Participation à la Paternité du Père, ou, pour les femmes, à la Maternité de la Mère de Dieu, les mots père/mère impliquent une véritable filiation, un réel engendrement. Ils ne dirigent pas, n’accompagnent pas la personne, mais l’enfantent à sa vie divine. Dans le sillage de saint Paul aux expressions si fortes (voir I Co, 4, 14, 1 Th.2,7 Gal 4,19).
Bref, un père, mais avec le cœur d’une mère, ce qui suppose pour lui d’abord de porter l’enfant en gestation. Pour l’Orient il est tout à la fois médecin, guide, conseiller, intercesseur, médiateur, prenant sur lui les péchés de ceux qui sont confiés à son cœur. Surtout, ayant fait l’expérience directe de l’Esprit Saint, il est consolateur dans le Consolateur.
À son « géniteur spi » on doit s’ouvrir de son âme en toute simplicité et confiance. (2 Co, 6-13) Particulièrement à travers la « manifestation des pensées », (exagoreusis), lui permettant donc de les discerner. Celles venant du malin sont neutralisées ipso facto par ce dévoilement qui les arrache aux ténèbres et les projette en pleine lumière, ce qui révulse les démons.
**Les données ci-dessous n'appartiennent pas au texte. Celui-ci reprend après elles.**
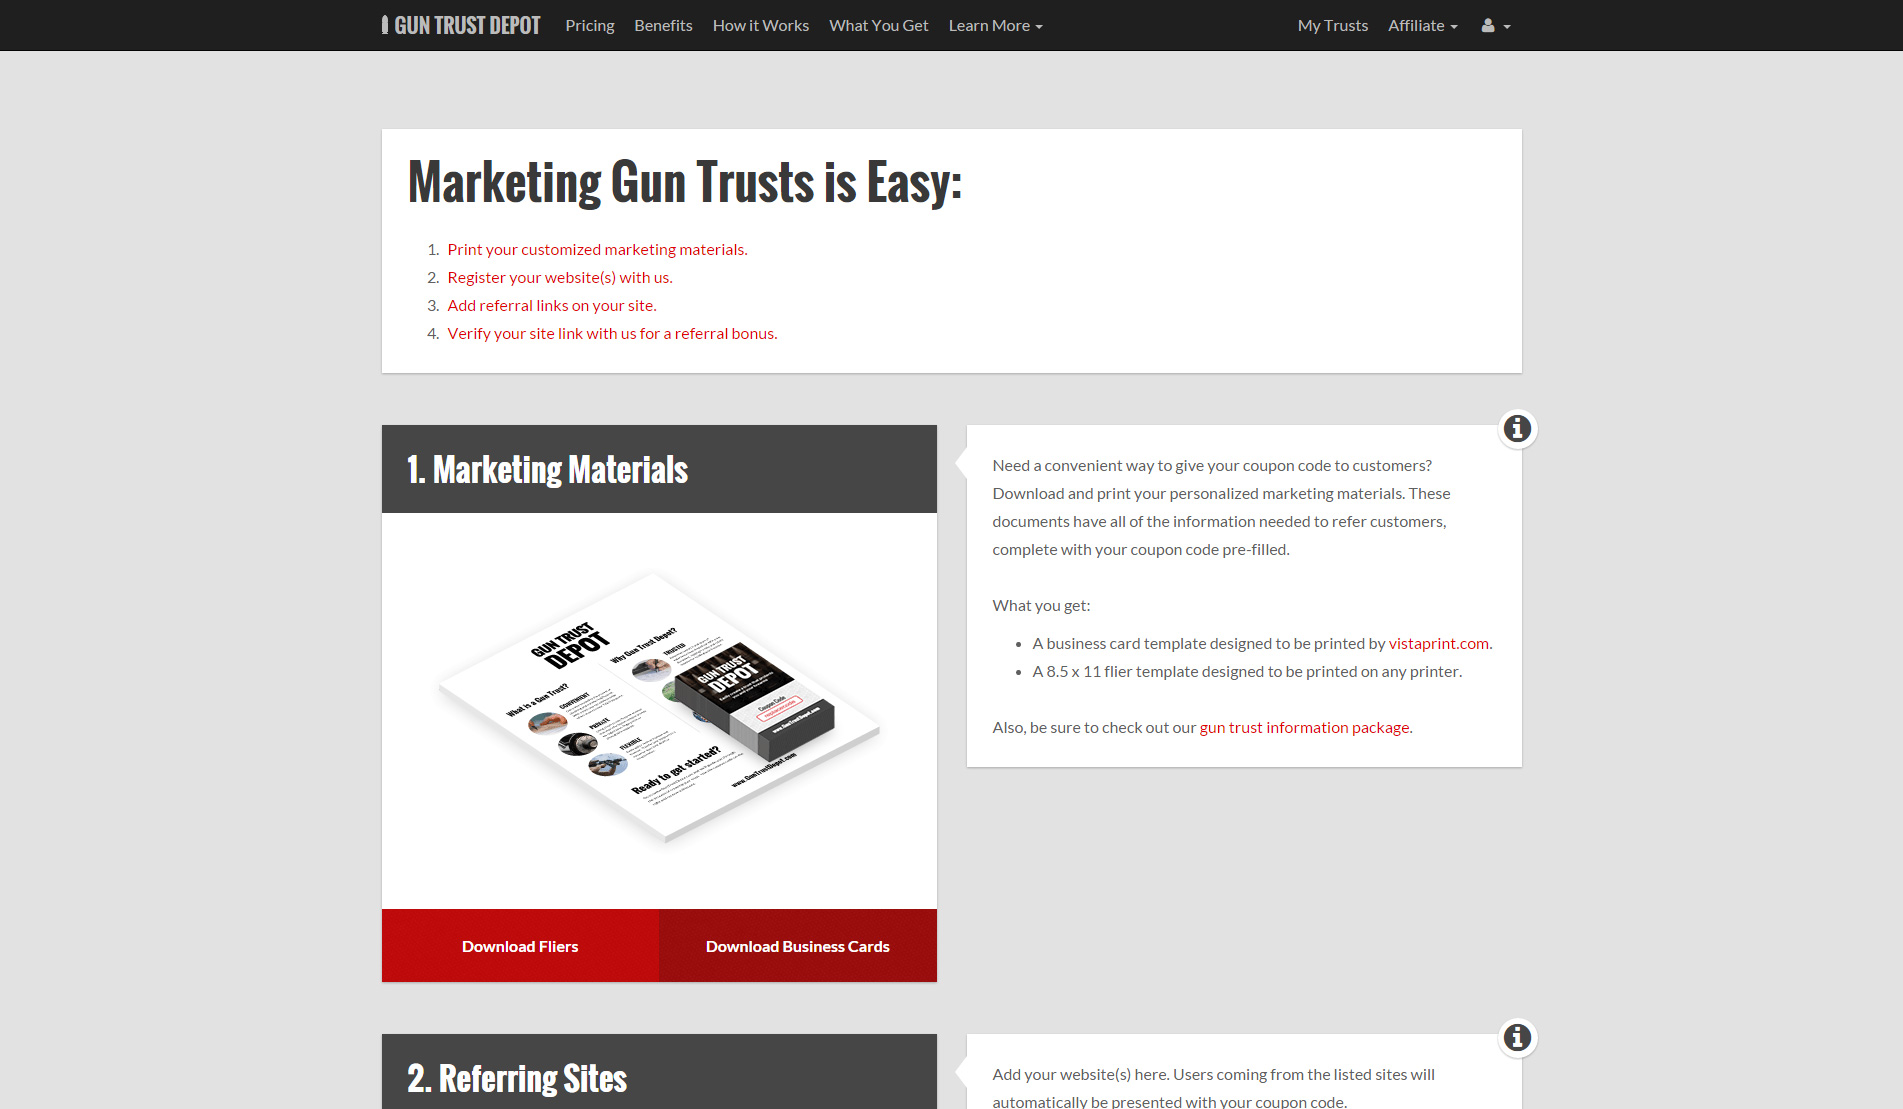 gun trust depot conglomo labs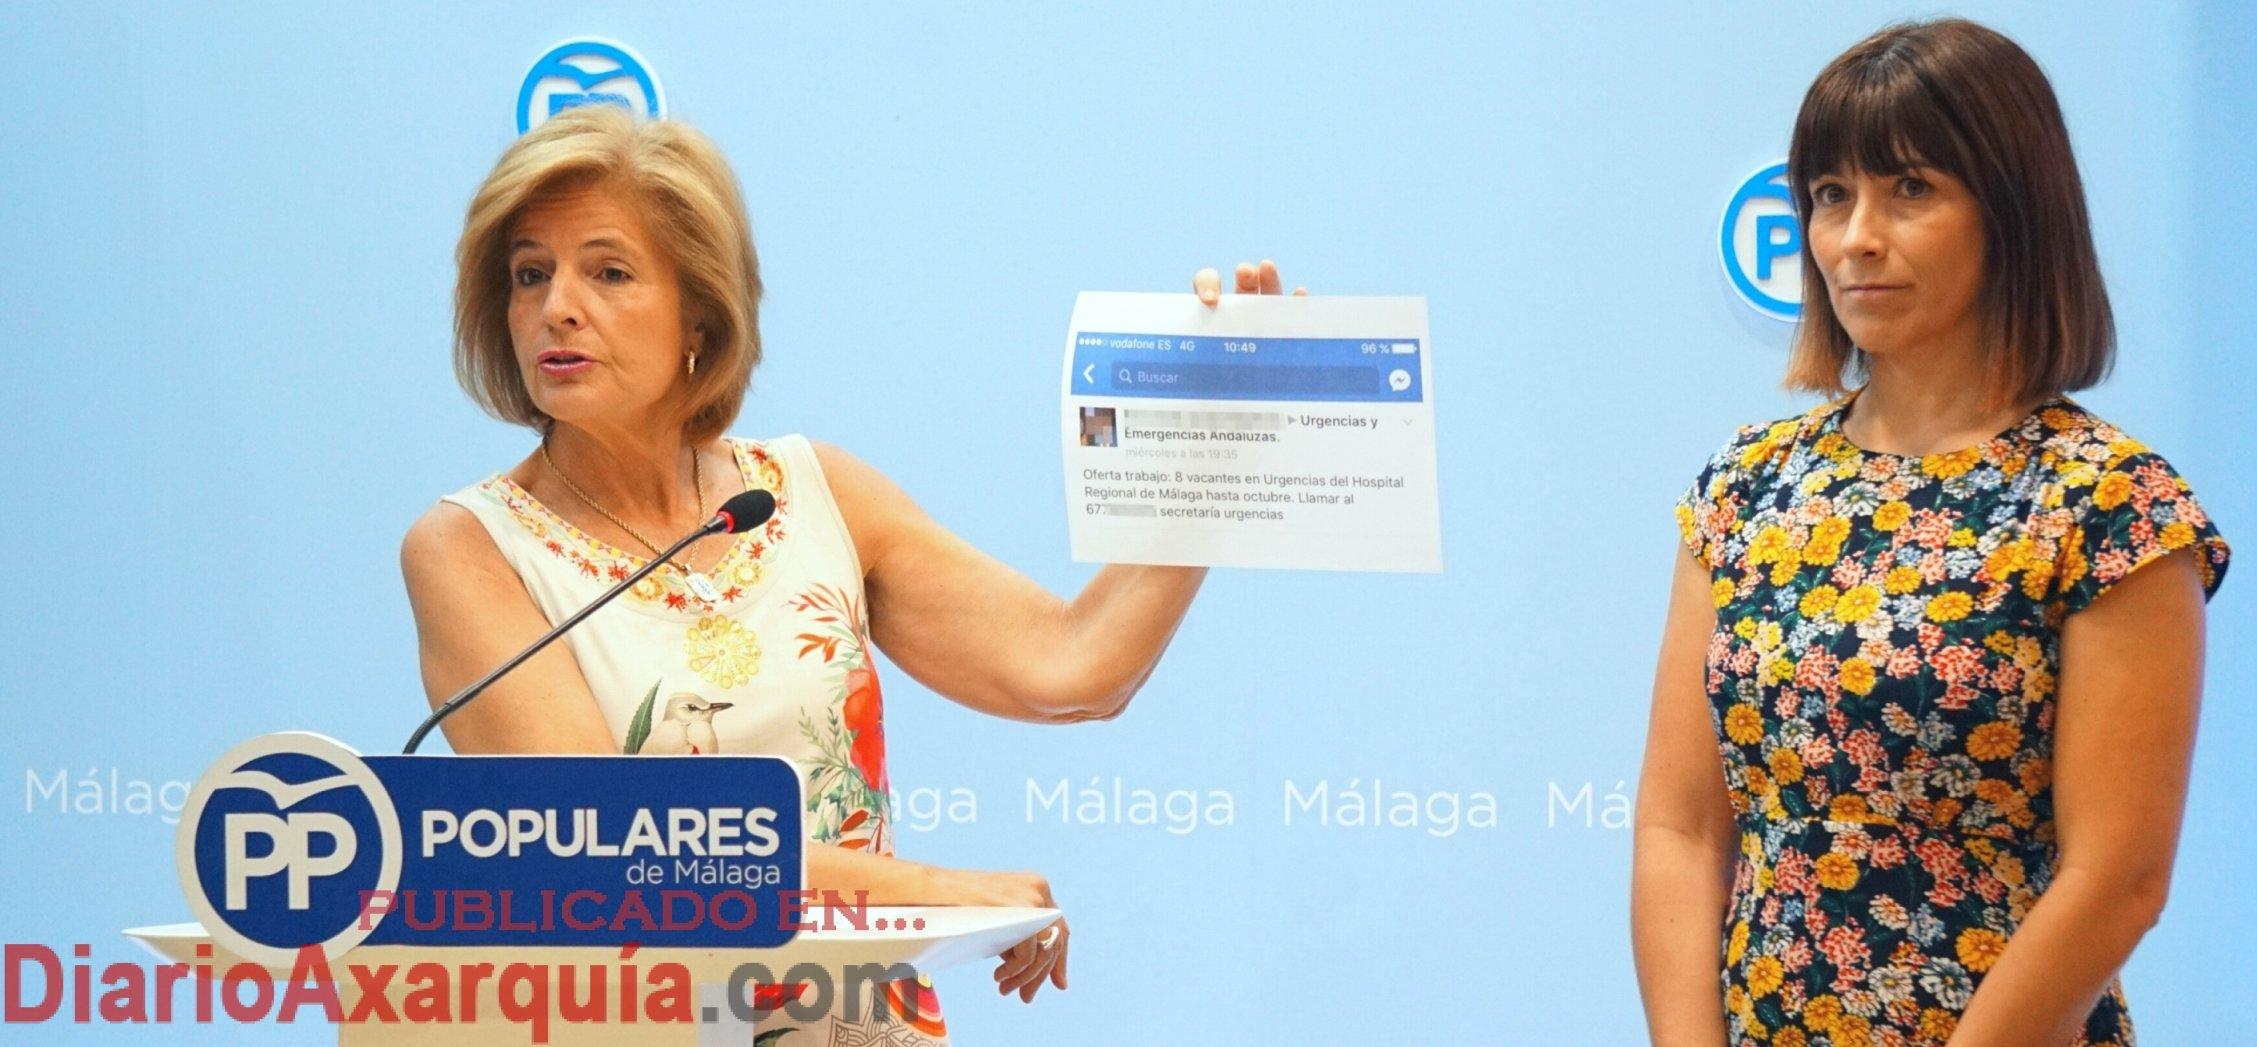 Oña y Sarabia - Sanidad 27 junio (2)

Telle est la praxis monastique traversant siècles et régions.
Précision importante : ce charisme n’est pas nécessairement lié au sacerdoce. Certains prêtres le reçoivent, bien sûr. Mais pas tous. Leur paternité s’exerce moins pour les personnes que pour la communauté dont ils sont chargés. Alors que bien des femmes, surtout consacrées le reçoivent, mais aussi certains parents. Les femmes vivent cette maternité avec une dimension très spécifique. [2]
La paternité en Orient vise la divinisation, la configuration au Christ. En Occident on tend à souligner la guérison, le mieux-être, l’épanouissement de la personne… La visée n’est pas exactement la même. En Occident, on s’occupe davantage de la personne en relation avec les autres, de ses dimensions psycho-affectives, etc.… et on risque d’en oublier l’enfant de Dieu, la grâce, la puissance des vertus, l’efficacité transformante de la Parole de Dieu… Bref le « par l’évangile… » dans 1 Cor 4,15 ainsi que le but visé : la conformité au Christ. (Encore très marquée chez les « Pères » cisterciens). Les Pères étaient de fins connaisseurs des méandres de la psychologie humaine sans pour autant verser dans l’hyperpsychologisme [3].